Thought experiment: Suppose you did d[8,6] <- 1
. Given what I just wrote regarding the complete
and single
methods, how do you think the results could differ had you used the single
method instead? This can be checked by comparing plot(hclust(dist(d)))
and plot(hclust(dist(d), method="single"))
.
Second though experiment: Suppose you instead did d[1,1] <- 6
. Which of the single
and complete
methods produce the results that make intuitive sense to you? Now you know why relying on max
and min
distances to compute distances between clusters can be problematic.

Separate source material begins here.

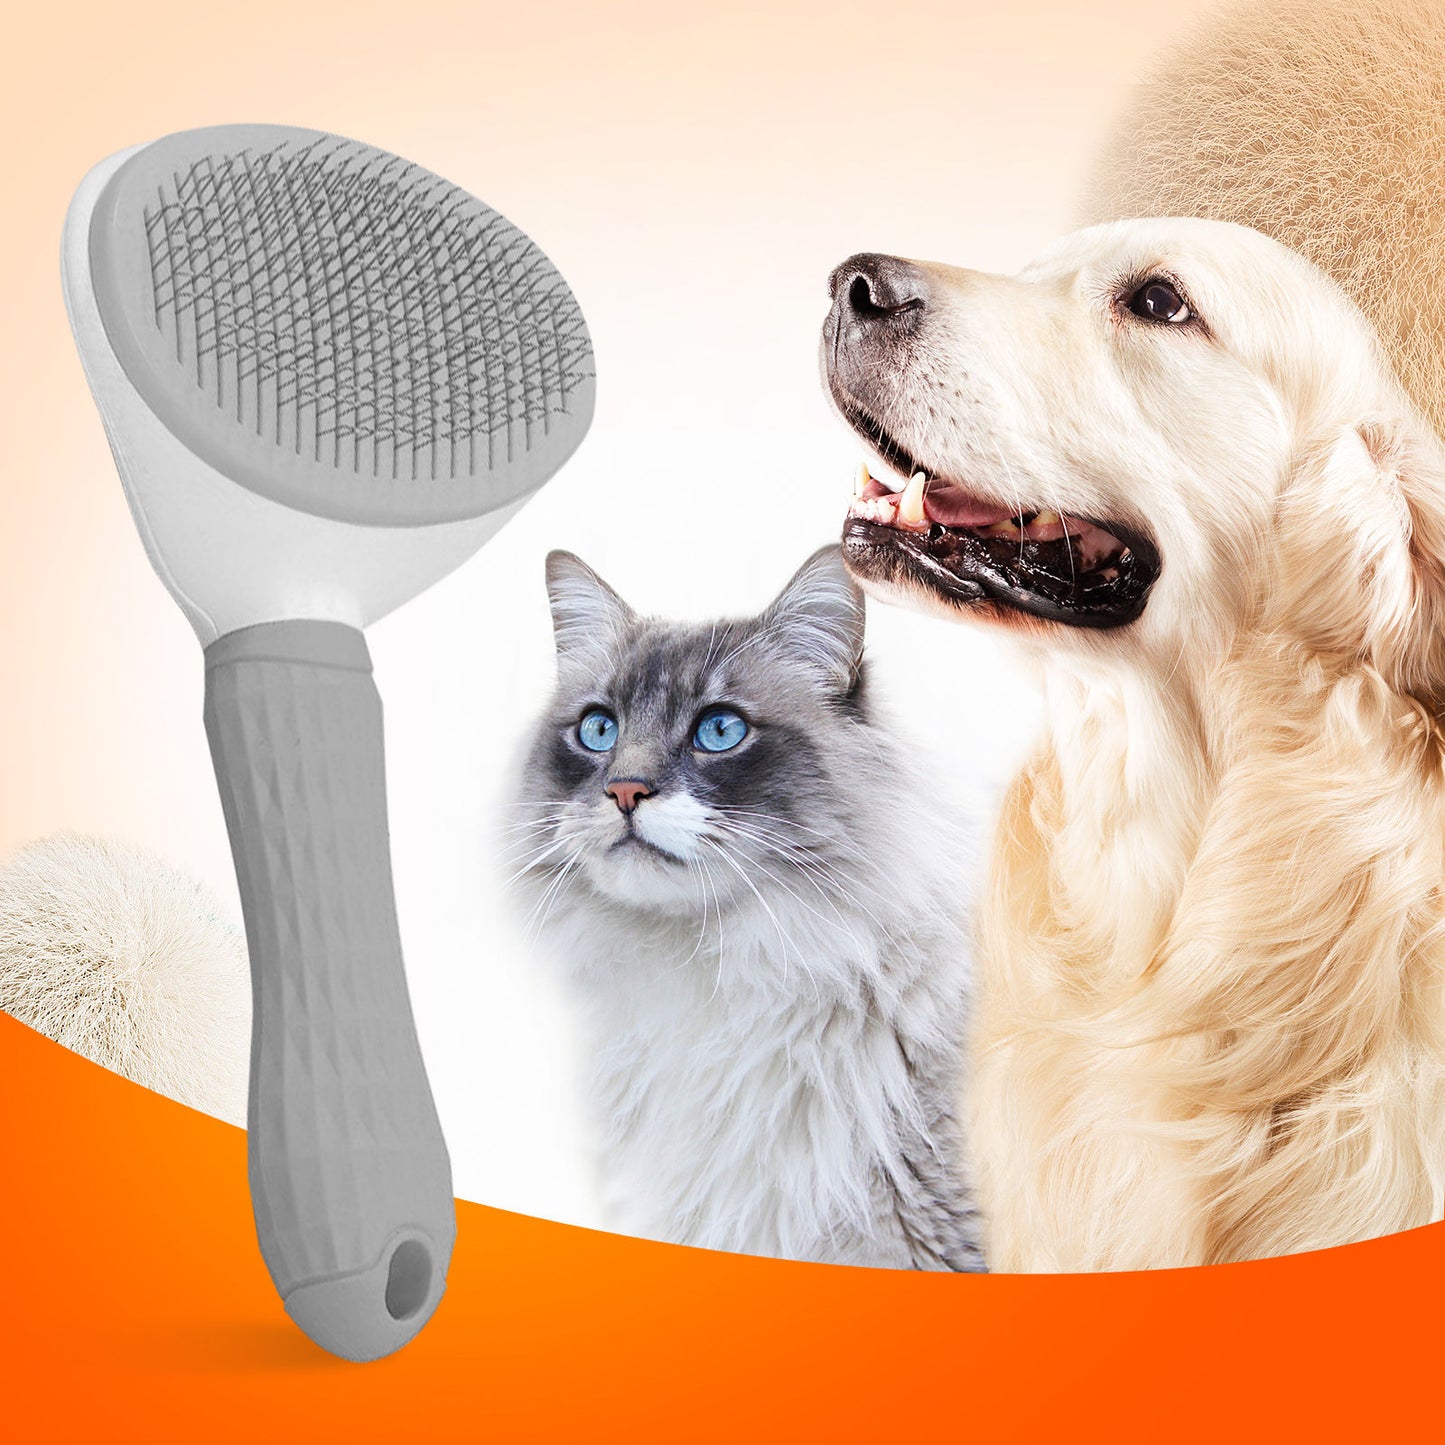 Pawfriends Pet Dog Cat Grooming Comb Brush Tool Gently Removes Loose Knots Mats Grey

Not directly related to your question, but if you ever want to make similar heatmaps for RNAseq data, or any other data with a mean-variance relationship, remember that using Euclidian distance is a really really bad idea. For the reasons why, have a look at this blog post by Lior Pachter (auther of cufflinks, among other things).
I didn't mention it, but if you read Lior's blog post that I linked to you'll get a good glimpse at why even using the Euclidean distance is often a bad idea.
I had the same question as this post. So what clustering method and distance matrix to use in order to cluster the upregulated genes together and the downregulated genes together?
Thank you.
So...ignorant question, buteuh, why do you have to ^2 the matrix when using the Ward method?
Apparently you don't have to square things anymore, at least if you use
method="ward.D2"
. Seehelp(hclust)
and the papers referenced therein for details.